B.A. Santamaria, Your Most Obedient Servant, Selected Letters: 1938-1996, Edited by Patrick Morgan, The Megunyah Press, Melbourne, 2007, 575pp.
172 Terry Byrne The YCW in Vietnam
YCW President Tiny Byrne asked BAS on 12 June 1978 to support the case of a man arrested in South Africa.
22 June 1978
Mr. Terry Byrne,
President, Melbourne Y.C.W.,
355 Lonsdale Street,
Dear Mr. Byrne,
Thank you for your letter and the accompanying kit relating to the arrest of Mr. Phelelo Magane.
I would regard it as my duty to do what I can to help those who are persecuted for expressing opposition to outrageously unjust policies, whether in South Africa, the Soviet Union or any other country. I attach a copy of a "News Weekly' editorial (17.5.78) dealing with the recent case of the Filipino student, Teotimo Tantiado, as evidence of the attitude which I believe to be proper in these matters.
Early in 1973,1 intervened personally with the then Foreign Minister of South Vietnam (Mr. Tran Van Lam), on behalf of five Y.C.W. internees. Mr Lam was a close personal friend, and I believe that those representations contributed to the release of those imprisoned within a relatively short period of two months of the making of the original representations.

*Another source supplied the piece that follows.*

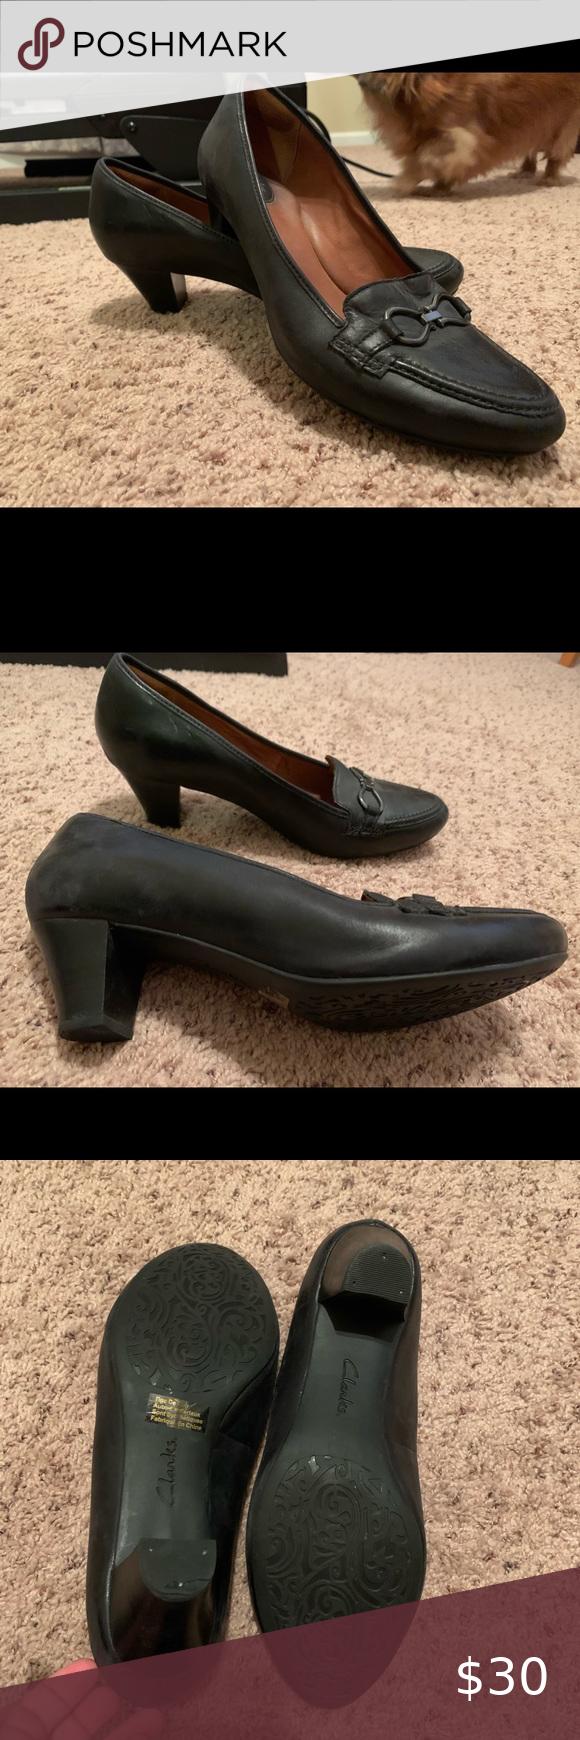 Used Clarks Artisan Decade Capri Pump Used Very Comfortable Black Dress Shoe Has A Small Hee Shoes Women Heels Comfortable Black Dress Shoes Black Dress Shoe [ 1740 x 580 Pixel ]
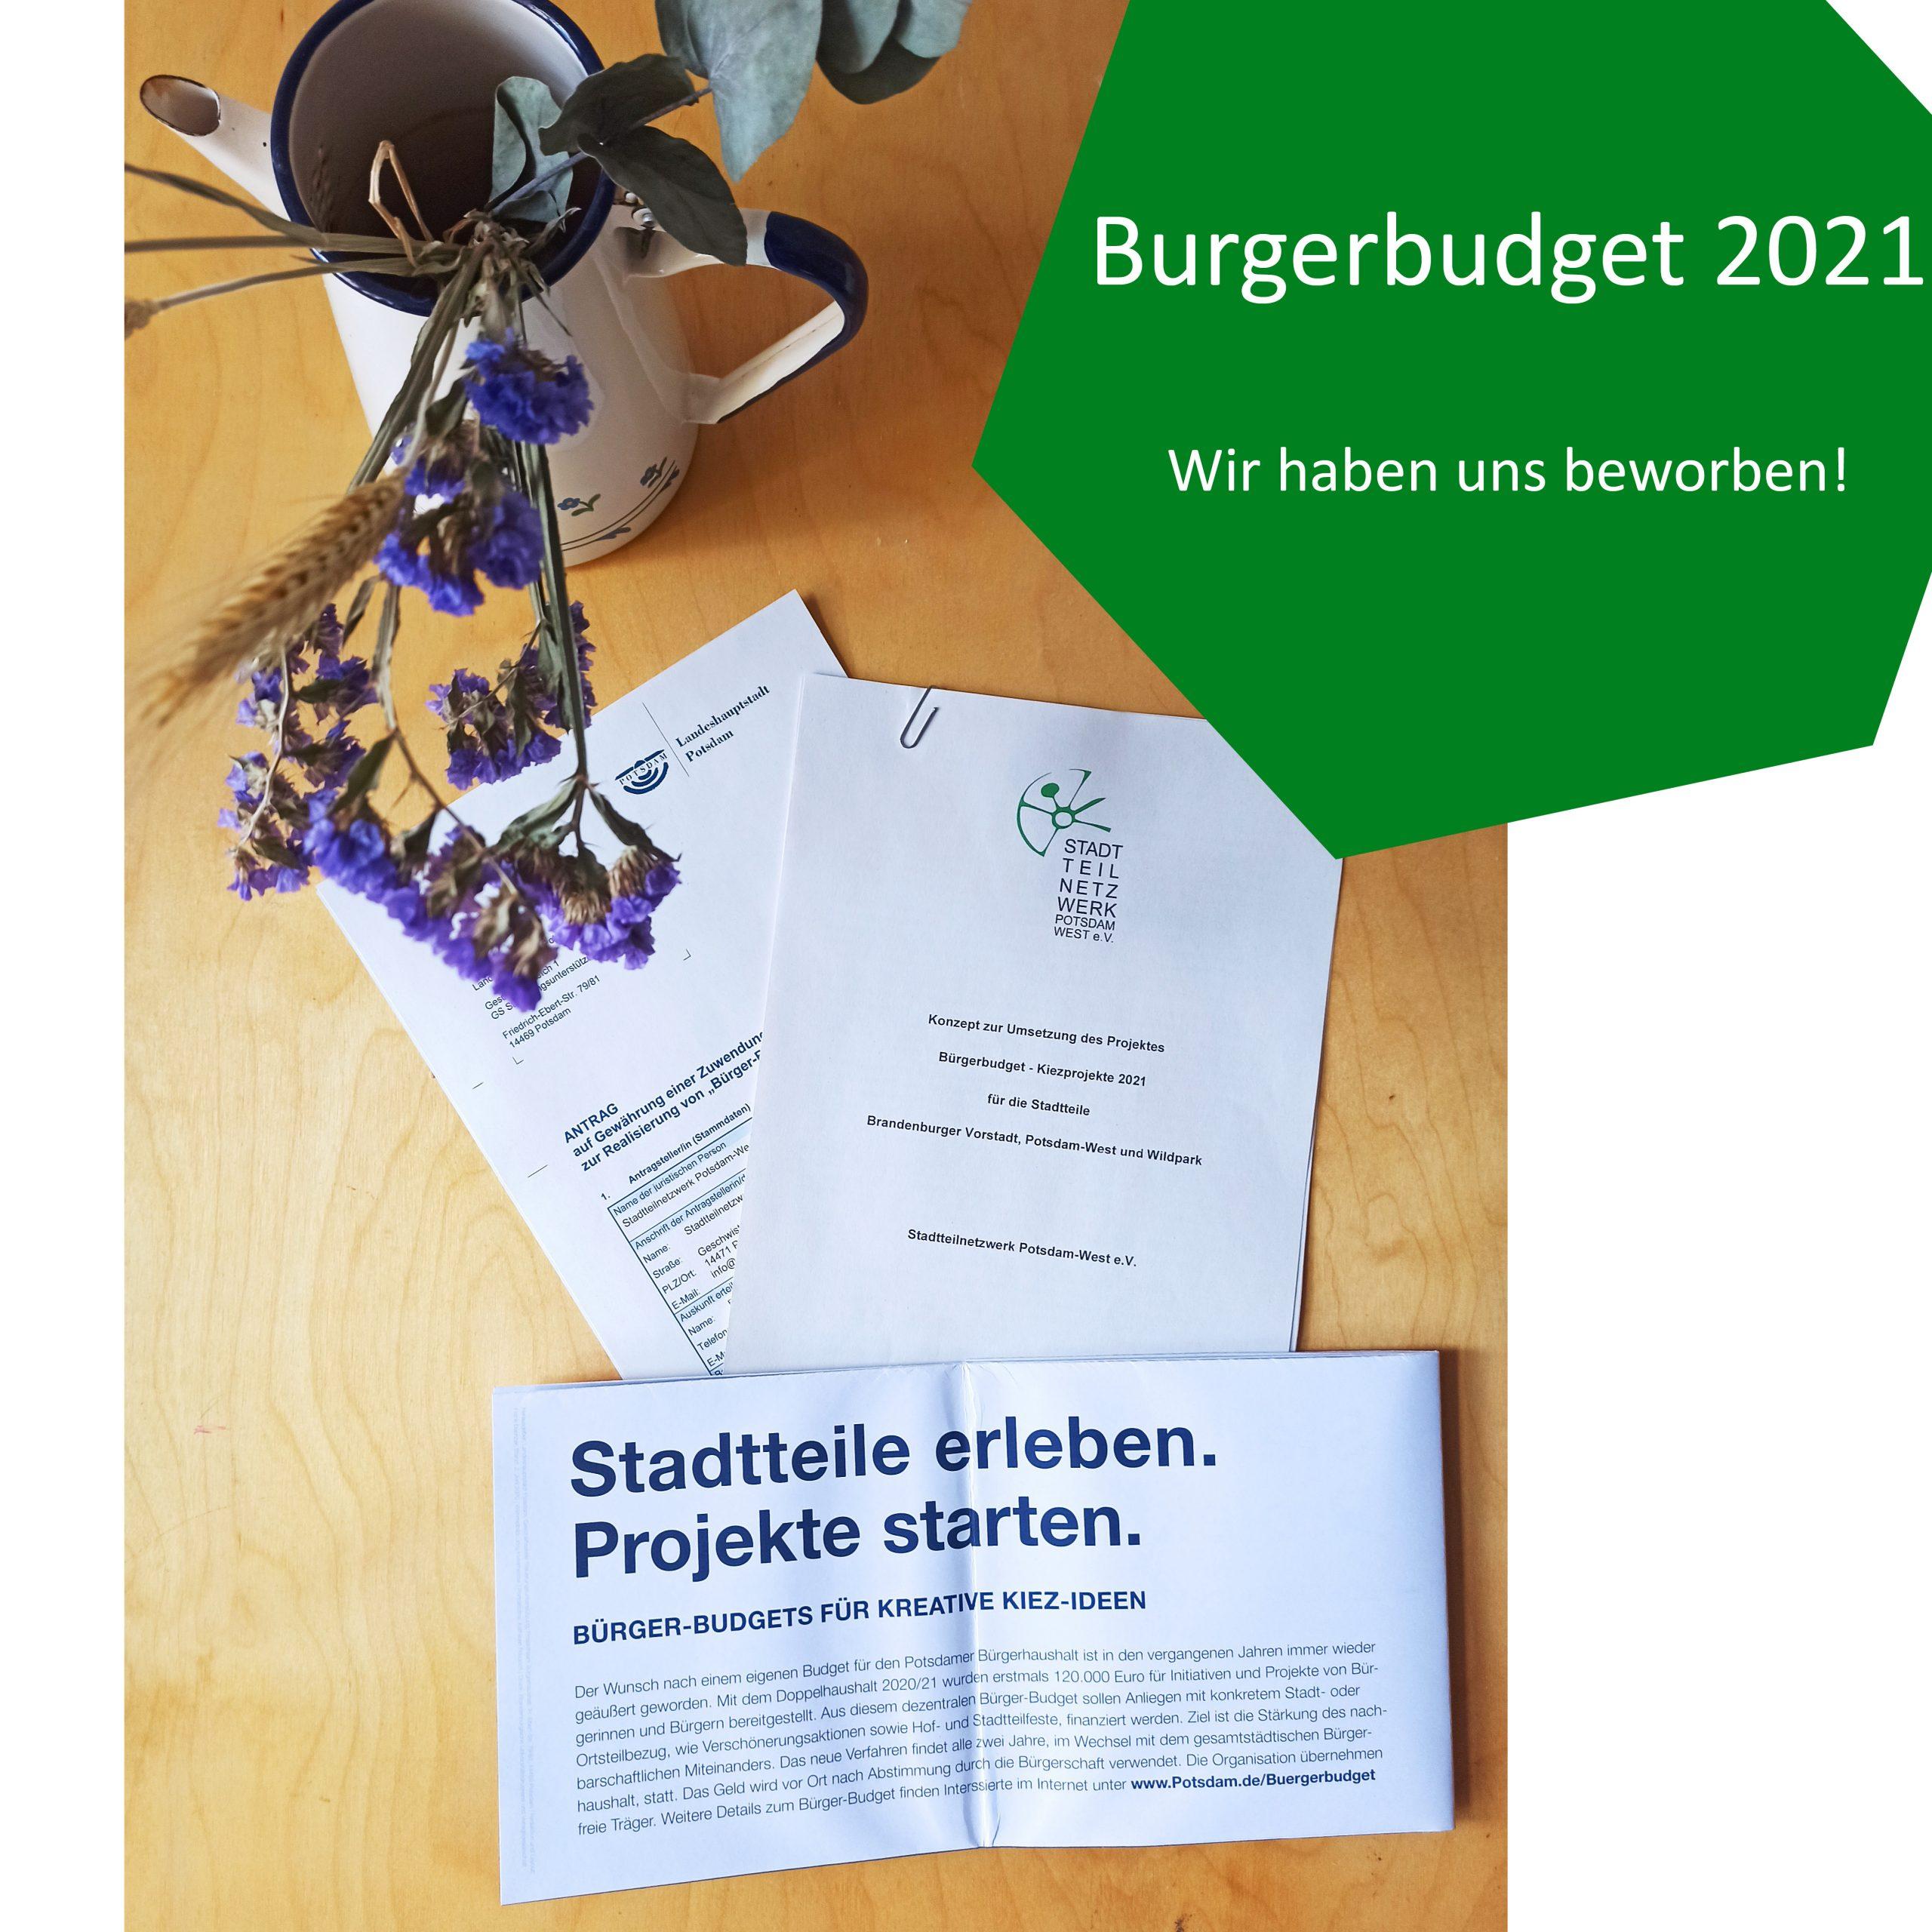 Bürgerbudget

Unfortunately, in that matter, I came to the conclusion that I was deceived as to the bona fides of the Y.C.W. leaders. It is a fact that since the Communist conquest of South Vietnam, while thousands have been put to death and some hundreds of thousands—including the Coadjutor Archbishop of Saigon—languish in concentration camps, the former Y.CW. leaders, together with the small group of priests associated with them, occupy semi-official positions in the Communist administration. In view of the fact that all democratic elements which opposed the Thieu regime and demanded an immediate peace—including the widely-advertised 'Third Force'—have been swept out of public life, there is only one conclusion which can be drawn as to the real nature of the activities of the Y.CW. Leaders.
This conclusion is even more inescapable after a reading of Tiao Tenant's “Giai Phong”.
Mr. Terzani is a supporter of the present Vietnamese regime, and is quite explicit as to the policies actually pursued by the 'Catholic opposition' to president Thieu including the Y.C.W.
These events occurred when Miss Jan Madigan was National Secretary of the Y.C.W., and accordingly may well be unknown to you. However 'Action Vietnam' is referred to in your accompanying kit. Naturally, I am not reassured by this fact
You will understand, however, why further assurances concerning Mr. Magane's activities would seem to be needed before one takes the step of making personal representations on his behalf.